Material and methods:
PTC tissues were obtained from patients diagnosed with PTC at the Second Hospital of Hebei Medical University from October 2016 to January 2018. qRT-PCR was performed to examine the mRNA levels of CASC15, Bcl-2/BAX, E-cadherin, caspase-3, and PI3K/AKT. Western blotting was applied to determine the protein levels of PI3K/AKT, CASC15, E-cadherin, BAX, Bcl-2 and caspase-3. CCK-8 assays were used to determine the viability of BCPAP and K1 cancer cells. Wound healing and transwell assays were conducted to evaluate the migration and invasion abilities of BCPAP and K1 cells.

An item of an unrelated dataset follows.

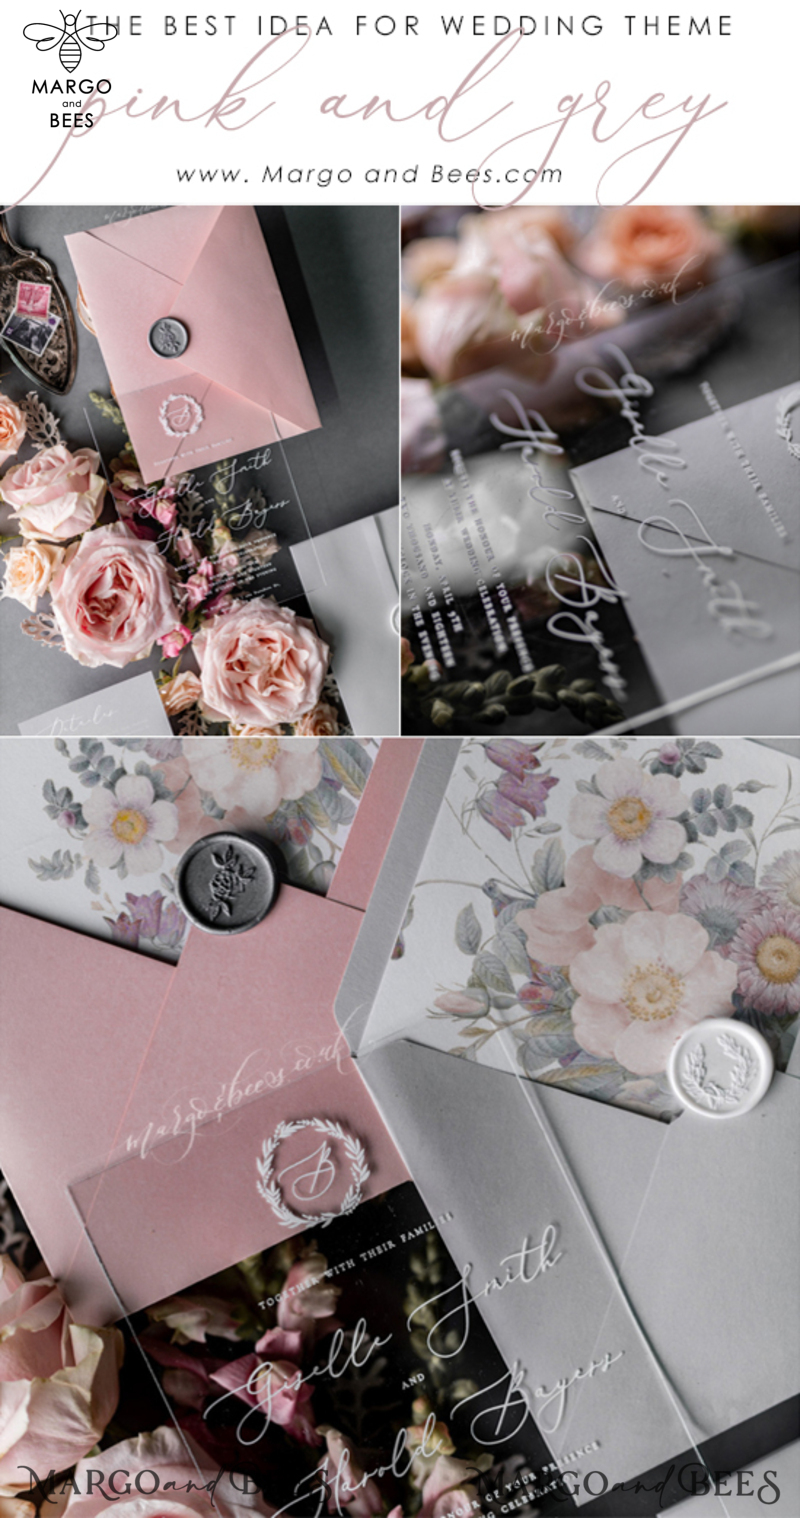 Luxury Acrylic Plexi Wedding Invitations, Romantic Blush Pink Wedding Invites, Elegant Light Grey Wedding Cards With Vellum Cover, Vintage Handmade Wedding Stationery-37

The results showed that CASC15 was upregulated in thyroid cancer tissues. Moreover, CASC15 in BCPAP and K1 was decreased by CASC15 siRNA. The progression, migration and invasion of BCPAP cells were significantly decreased after transfection with CASC15 siRNA, which was consistent with that in K1 cells. Furthermore, CASC15 siRNA treatment decreased the level of Bcl-2, and PI3K/AKT, and increased the expression of E-cadherin, BAX, and caspase-3.

Downregulated CASC15 inhibited the proliferation, migration and invasion of thyroid cancer. Therefore, CASC15 may be an oncogene in thyroid cancer and may serve as a target marker for the treatment of thyroid cancer.